Why top-5 error is more fair metric than top-1 for ILSVRC models

For the most publicly available models trained on ImageNet dataset top-5 and top-1 errors are reported. The best perfoming model from ILSVRC 2015 has 6.7% top-5 error and 23% top-1 error evaluated using singe center crop. It’s pretty interesting to find out that human error turned out to be not much better, top-5 error is around 5.1% according to the result of some experiments descibed in the article. An ensembe of models show even better results, six models of different depth leads to 3.57% top-5 error (1st place in ILSVRC 2015). Top-1 error still seems to be very big and one may say that top-5 rule is very forgiving and rules should be tightened and only top-1 should be considered. But top-1 error doesn’t really give you an understanding of how good is you neural network in general, it can only be useful to compare the perfomance of different models. The reason is that ImageNet is a single label dataset containing images that actually can fall into several categories and the orded of those categories is ambiguous. To illustare this let’s look at some of the example images from the training set, starting from example easy to classify:

Sport cars race_cars

Race cars race_cars

Car wheels car_wheels

Now if you look at the next examples, you will find that they are pretty ambigous if you are asked to assign only one label, let’s say, out of five.
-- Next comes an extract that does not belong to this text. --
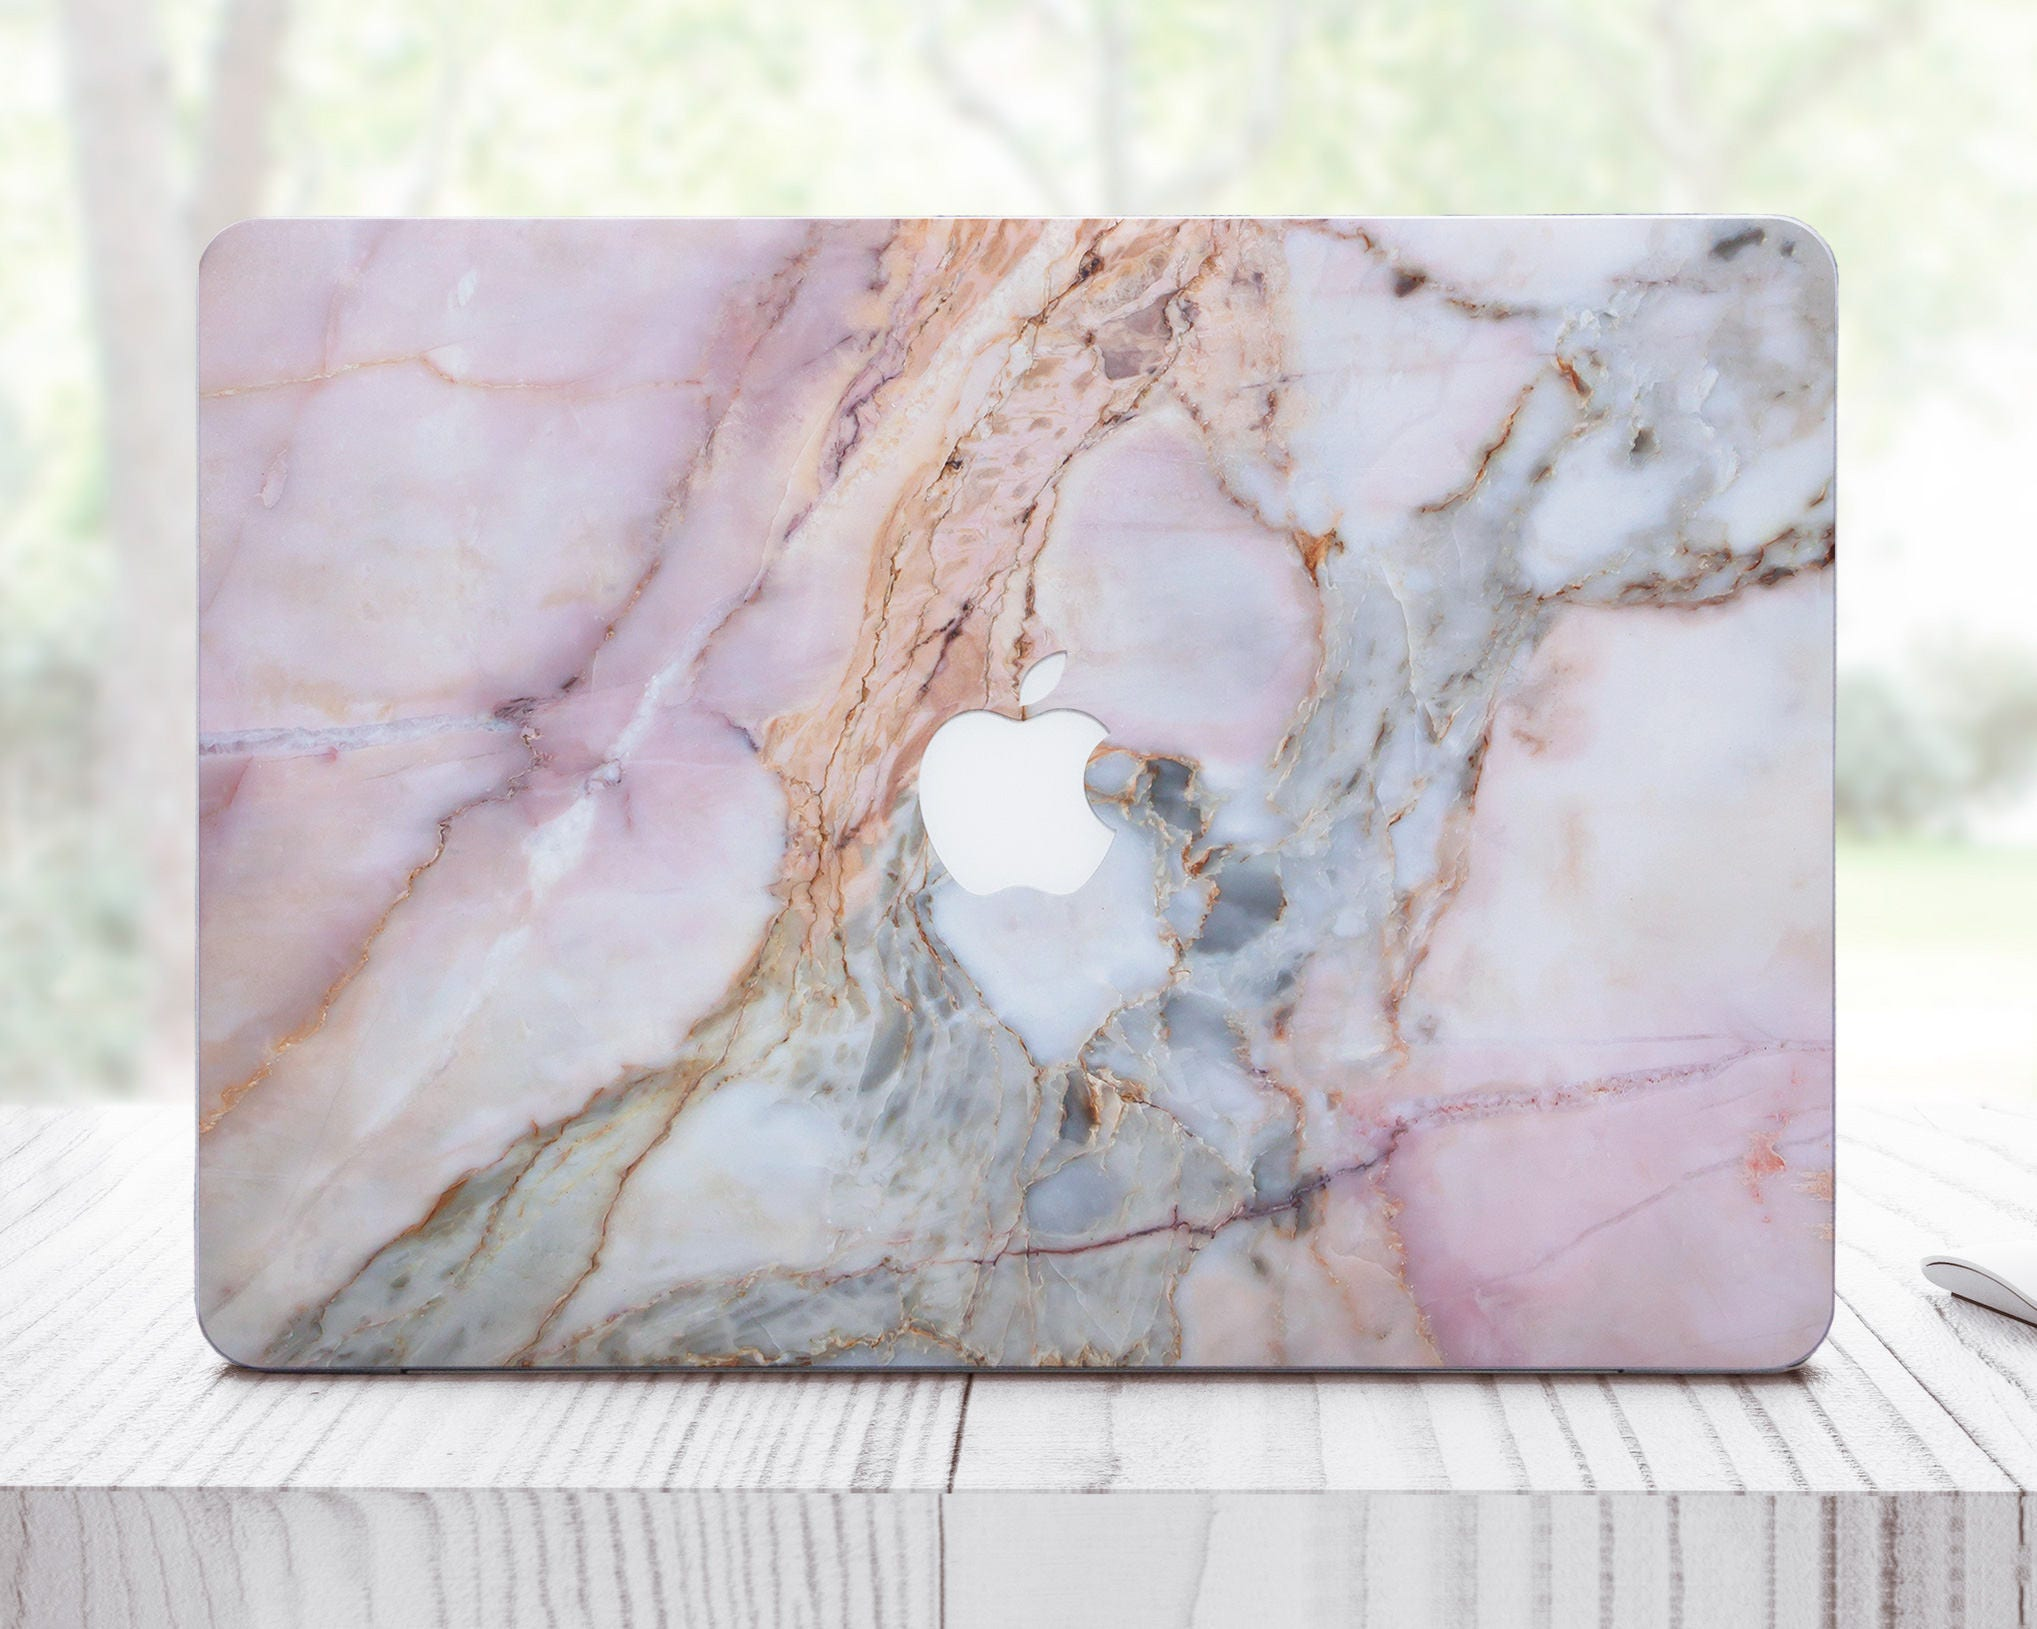 Pink Marble Laptop Decal MacBook Pro Skin Laptop Skin MacBook Cover MacBook Decal Stickers MacBook Pro MacBook Sticker Asus  ES0026

And for a number of categories there a lot of images with such ambiguity.

cars

The major problem with the dataset is that for many of the images we can’t say precisely if a category A or a category B describes it the best and the model in such situation is penalized during the training for the the mismatch between the predicted A category and B category given as a ground truth. So even if the image from the evaluation set is better in the sense of an ambiguity but still can be described with multiple labels, it will be harder for the network to determine a pravailing label because the training dataset doesn’t train it to do so very well. And this explain such a big margin between top-1 and top-5 errors.